Henry II, king of England: Restoration of Royal Authority

Restoration of Royal Authority

Henry's vast Continental domains (he ruled about half the area of present-day France) were to occupy him for much of his reign, but his first objective was to restore order and royal authority to an England ravaged by civil war. He did this (by razing unlicensed castles, reclaiming royal castles and alienated crown lands, and appointing capable crown officials) so effectively that the country was free of major disorder until 1173.

Henry's desire to restore royal authority to the level of that in Henry I's reign brought him into conflict with Thomas à Becket, whom he had made (1162) archbishop of Canterbury. The quarrel, which focused largely on the jurisdiction of the church courts, came to a head when Henry issued (1164) the Constitutions of Clarendon, defining the relationship between church and state, and it ended (1170) in Becket's murder, for which Henry was indirectly responsible. The crime aroused such indignation that Henry had to make his peace with the papacy in the Compromise of Avranches (1172). But, though he made some concessions, most clauses of the Constitutions remained in force.

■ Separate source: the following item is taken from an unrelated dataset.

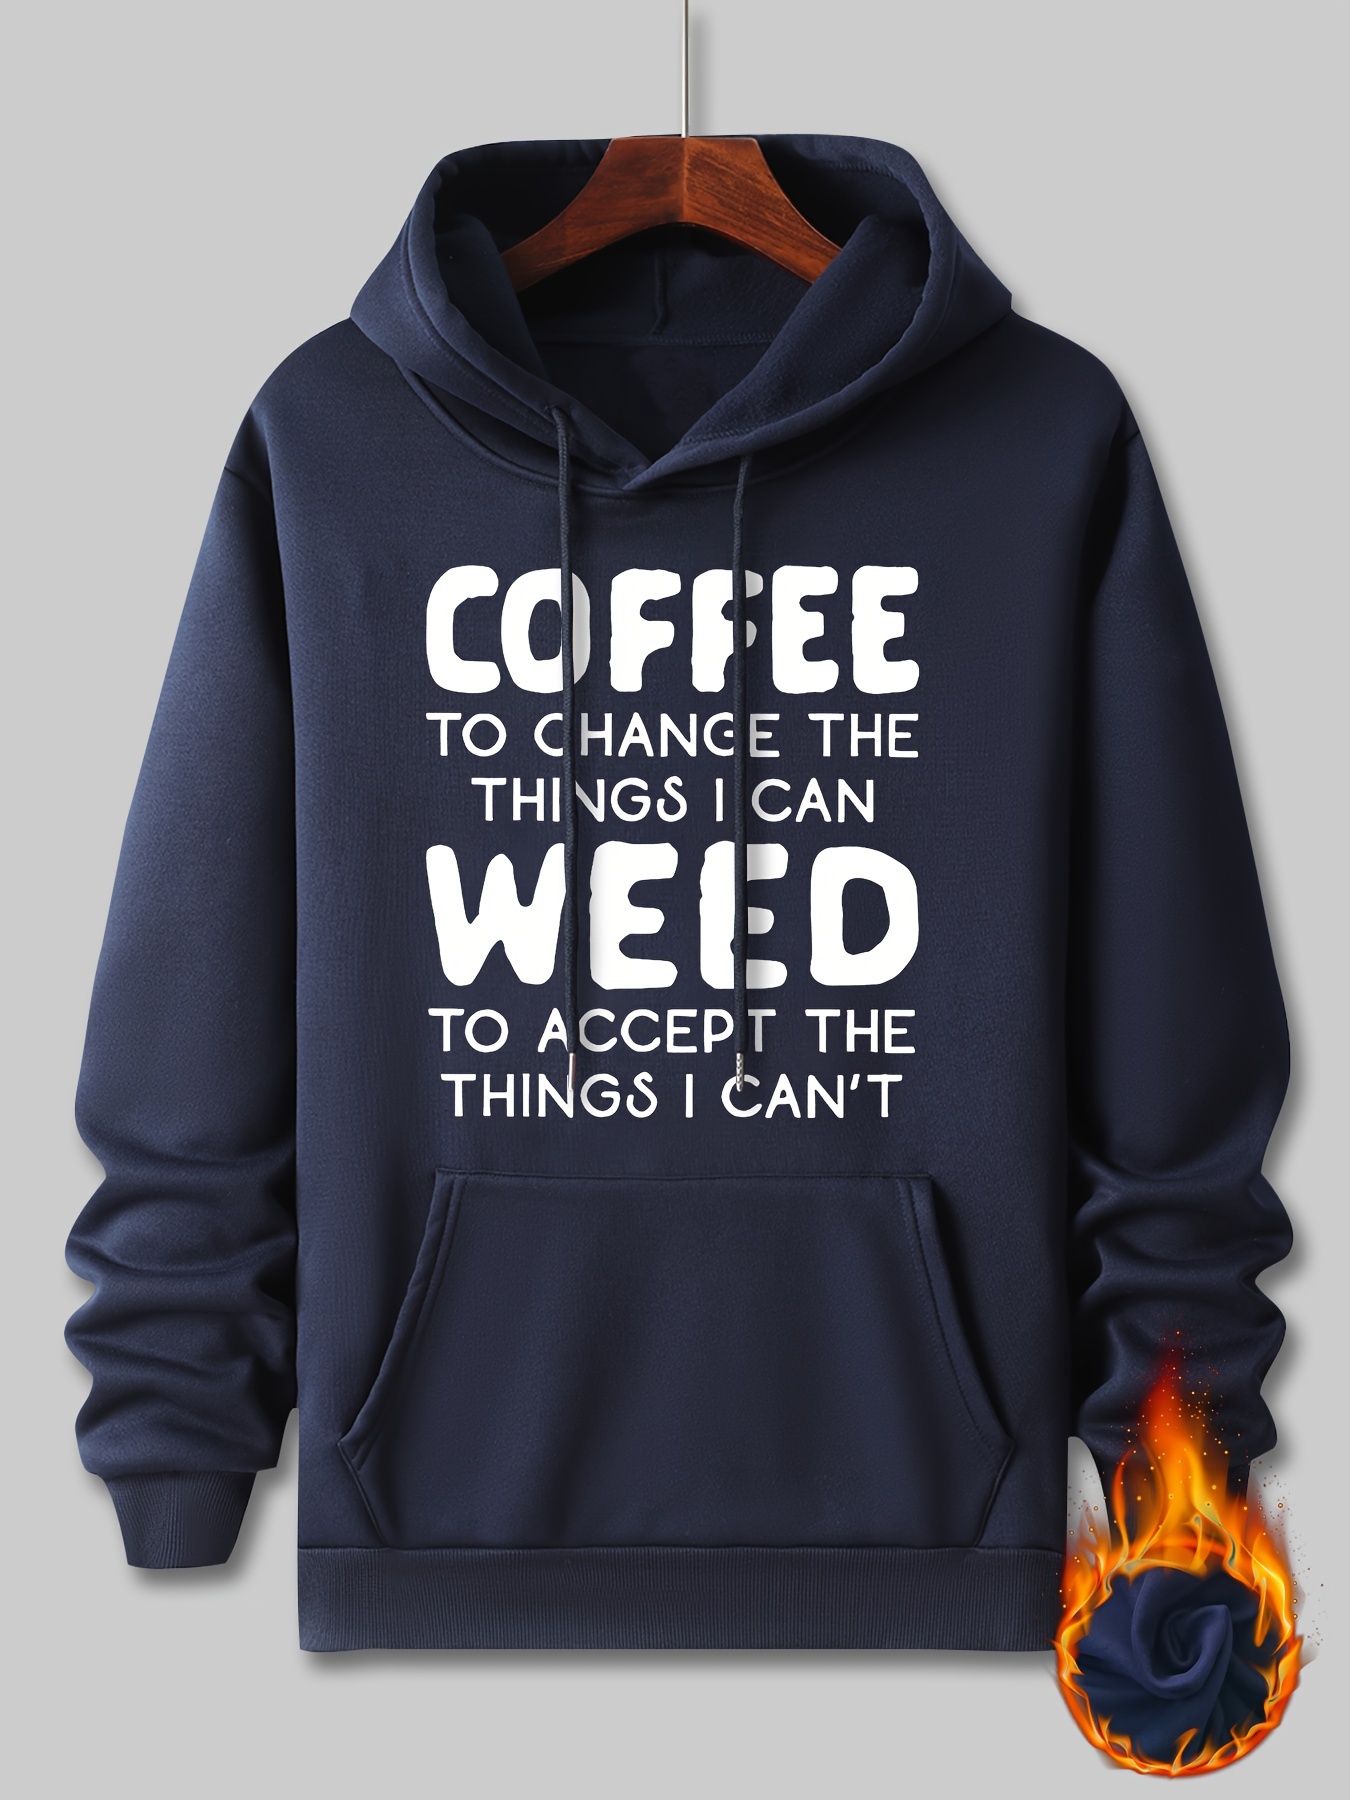 coffee and weed pattern print hooded sweatshirt personalized hoodies fashion casual tops for spring autumn mens clothing details 5

Henry's most significant achievement lay in his development of the structure of royal justice. With the aid of such competent jurists as Ranulf de Glanvill, he clearly established the superiority of the royal courts over private, feudal jurisdictions. His justices toured the country, administering a strengthened criminal law and a revised land law, based on the doctrine of seisin (possession). Procedural advances included the greatly extended use of writs and juries.

While these developments were taking place, Henry was also engaged in consolidating his possessions. He recovered (1157) the northern counties of England from Scotland and undertook (1171–72) an expedition to Ireland, where he temporarily consolidated the conquests already made by Richard de Clare, 2d earl of Pembroke. He was less successful in his attempts (1157 and 1165) to extend his authority in Wales. Henry also expanded his holdings in France, acquiring Vexin, Brittany, and Toulouse.